Ask them. Take this document and make it about England. And see if all the people in England tonight can see exactly the same way.
And if you put a name attached to it, it wouldn't get that person elected. It would. It would. Because everybody is feeling the same way about their own country.
I don't have a problem with the rest of the world.
But it's time for us to concentrate on us. It's time to concentrate on saying, you know what, there's something special about us. England can say that. They brought us the Magna Carta. They are now torching the Magna Carta. I would love to hear that story.
The things that make France, France. I don't know. The whining and everything else. That is unique to France. Italy. Germany. It's unique to them.
I want them to be those guys. I don't want them to be another version of us. I want them to be them. I want them to do well. And be part of the family of man and the family of nations.

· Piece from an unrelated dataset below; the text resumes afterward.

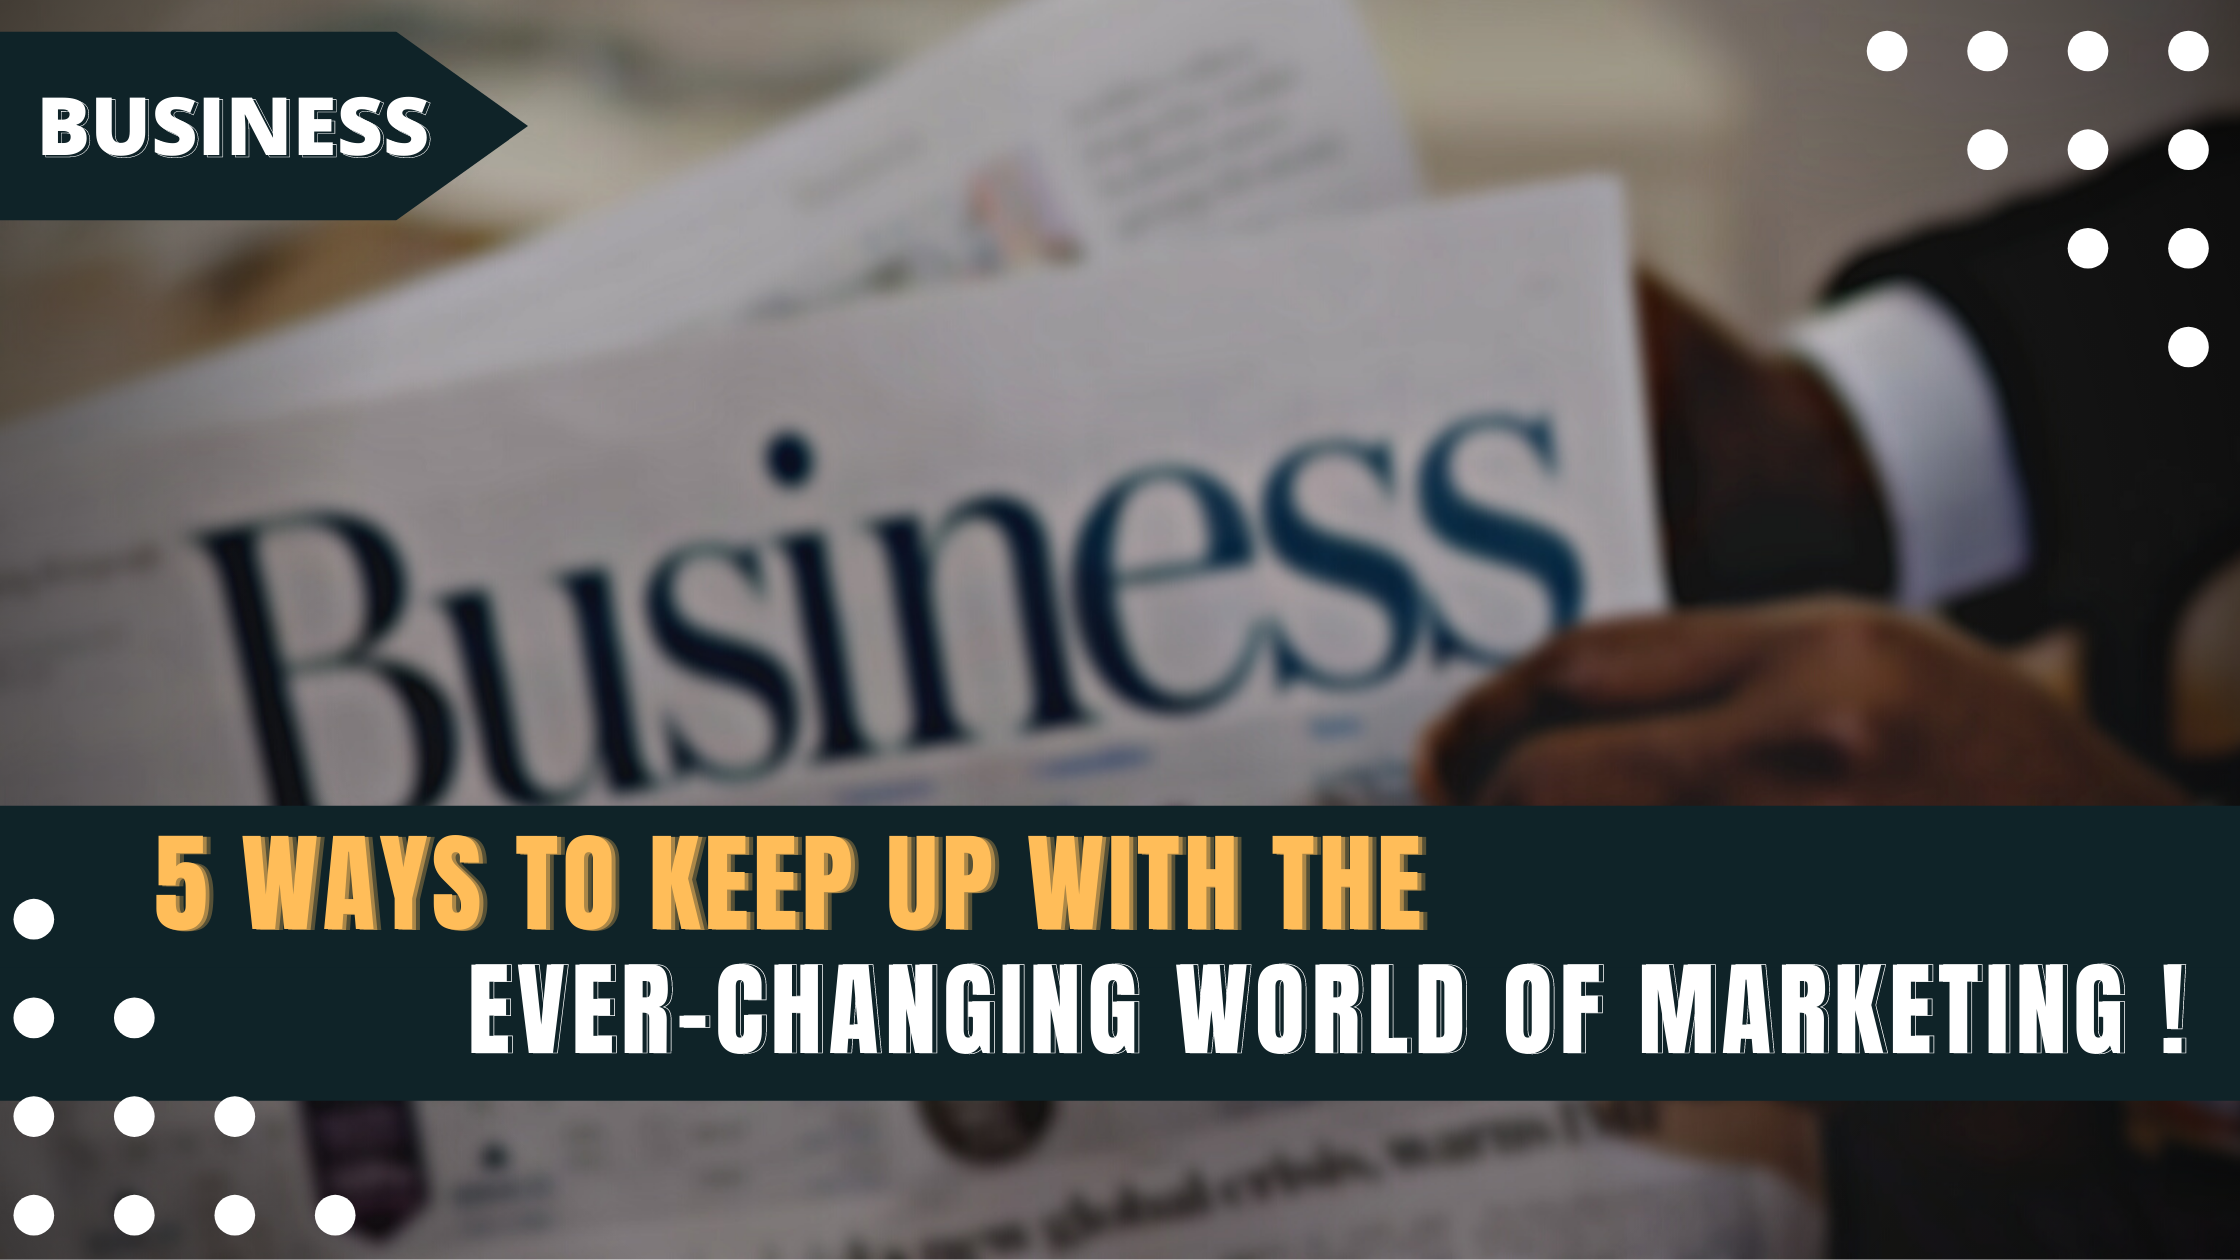 5 ways to keep up with the ever-changing world of marketing!

But I don't want anything to do with whatever they do, they do.
Same thing with Israel. And Saudi Arabia. You do you, boo. We're going to do us.
When we can get together, we will. Don't screw with us. And we won't screw with you.
This is our national strategy. That's exactly what our national strategy.
I say amen, President Trump!
Finally. Finally somebody is saying what everyone is thinking.
This is like you've gone to school, you know, for 18,000 years.
You're some -- yeah. Some doctorate in God only knows. International development and studies.
Women's studies.
Unless you've got that!
You're looking at that, and going, yeah. All that makes sense.
All of that makes sense. Now, the question is: Do we want it?
And will the people actually back it?
Because strategy on paper, that's only words.
Until a nation finally finds the courage to believe in itself again. And say, that's what we must do.